Modern interpretations of gospel music may confuse the definition of the word “gospel” ( translated from Old English as meaning “good news”) with the style of gospel music. But the two are different and is easily highlighted in the Houghton-Mifflin’s definition of gospel music. The definition of gospel music, according to this source, proves that point.

Gospel music (noun) is a kind of distinctively American religious music that is associated with evangelism and is based on the melodies of folk music blended with elements of spirituals and jazz.

Good definition - even though it left out that gospel music was birth out of the African-American experience and that both spirituals and jazz - products of the south - are also rooted within African-American culture.

Two careful observations must be made after rediscovering these facts.

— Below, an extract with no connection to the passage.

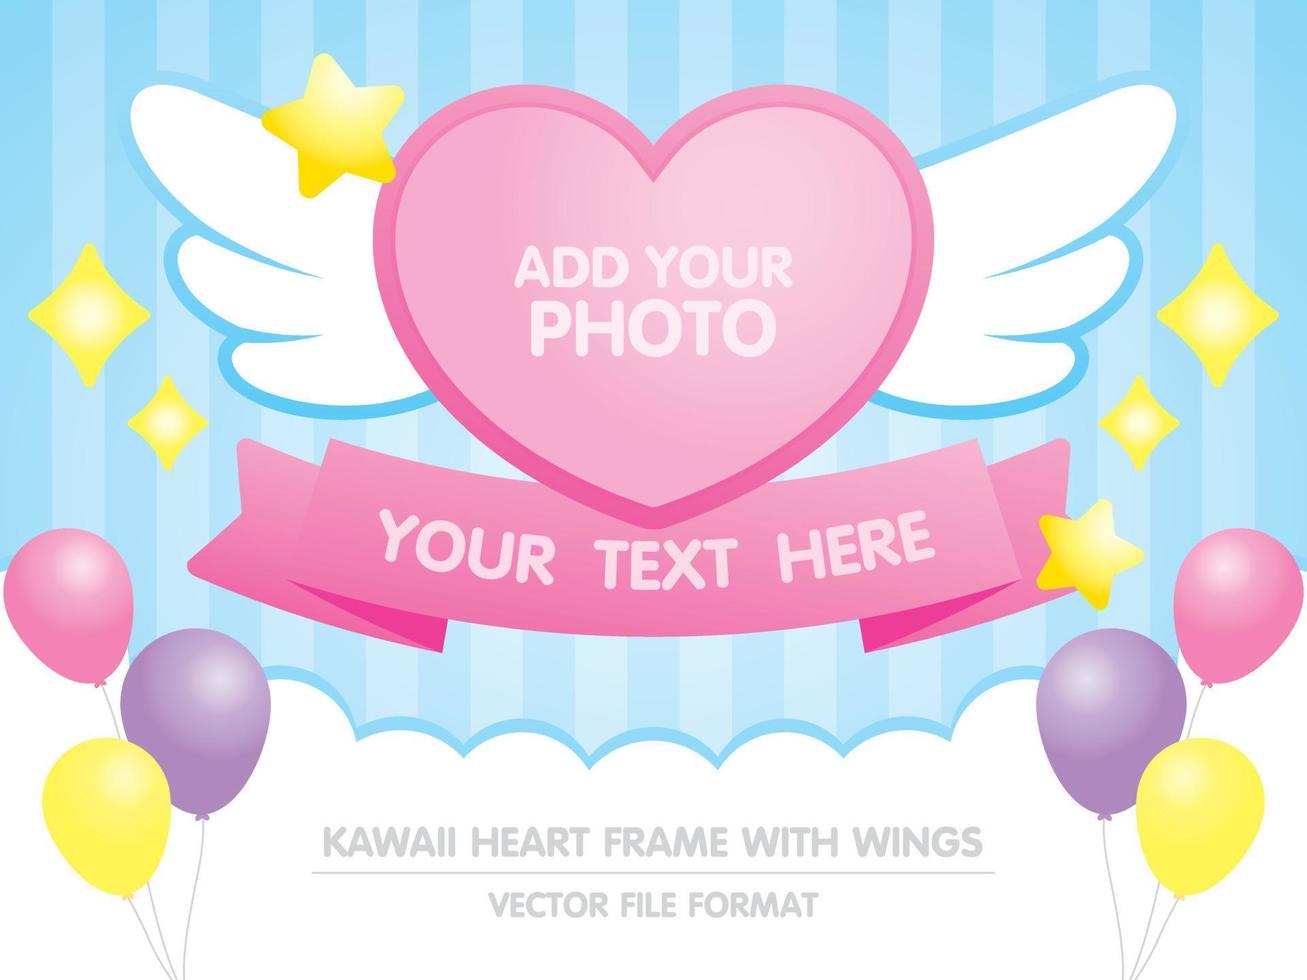 kawaii heart shape photo frame with cute wings and ribbon element for adding your text on blue striped background with cloud and balloon vector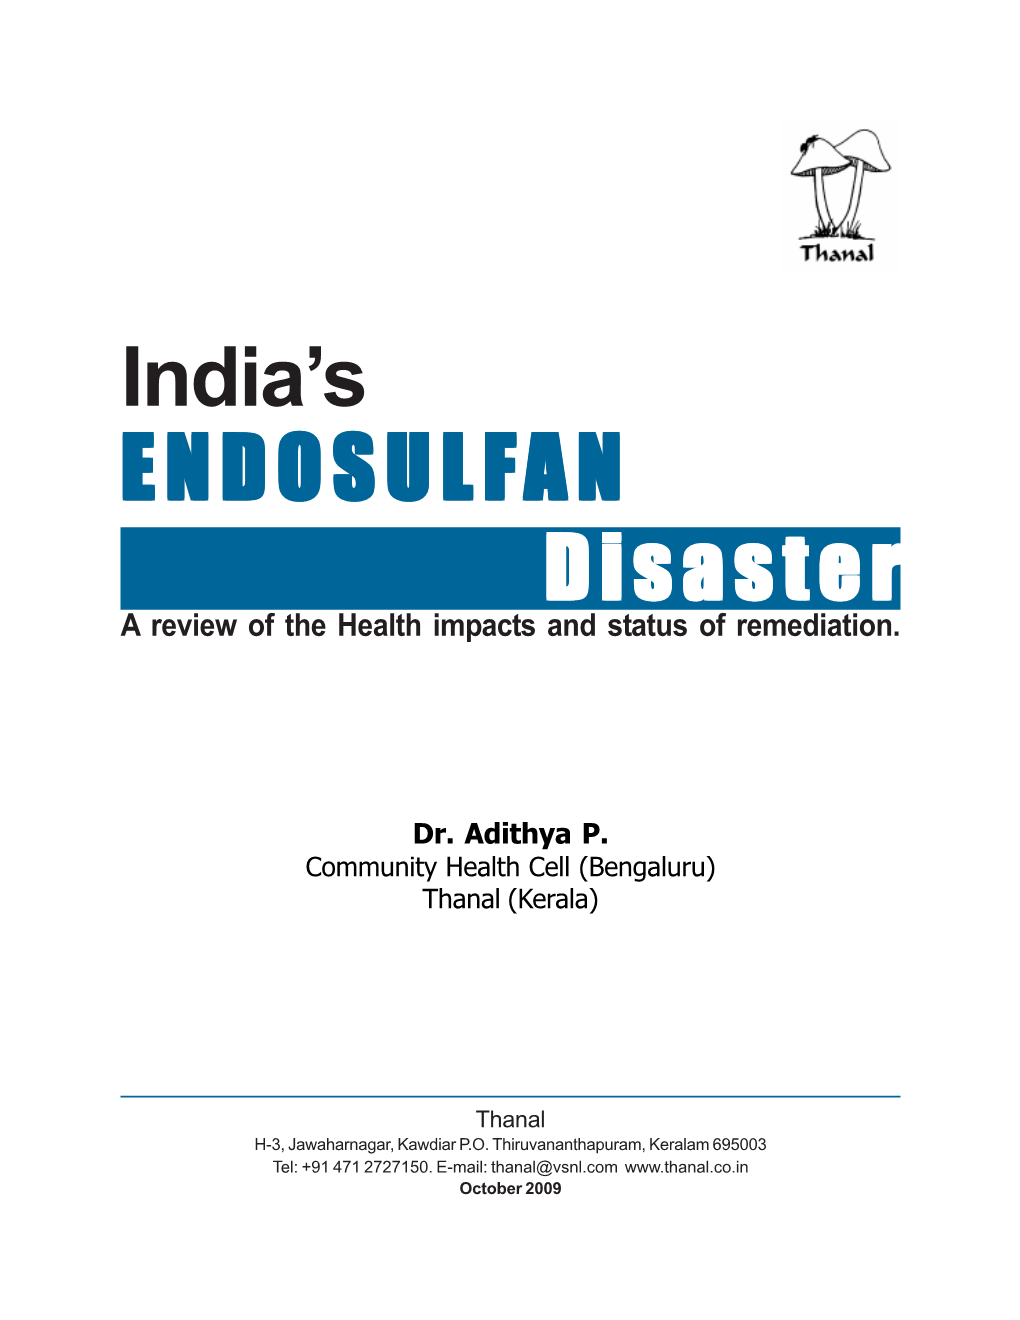 Endosulfan Disaster – a Review of the Health Impacts and Status of Remediation

1) Just because gospel music is a product of the African-American experience, that doesn’t apply that everything that is spiritual and black is gospel. Gospel music is still defined by its character and style and is not entirely designed around race. The origins may have been developed by blacks, but should not be viewed as a genre or style that uses race as a means of separation or division. In other words, style makes gospel what it is, not race.

2) Just because an artist sings about the scriptures or any scriptures pertaining to the Gospels of the Bible - it doesn’t qualify the material to be solely defined as being gospel music. Remember that gospel music is defined by style and its character. Always look for the defining elements of the blues and jazz and an intense performance highlighted with infectious energy. Those traits are grounds in identifying authentic gospel music.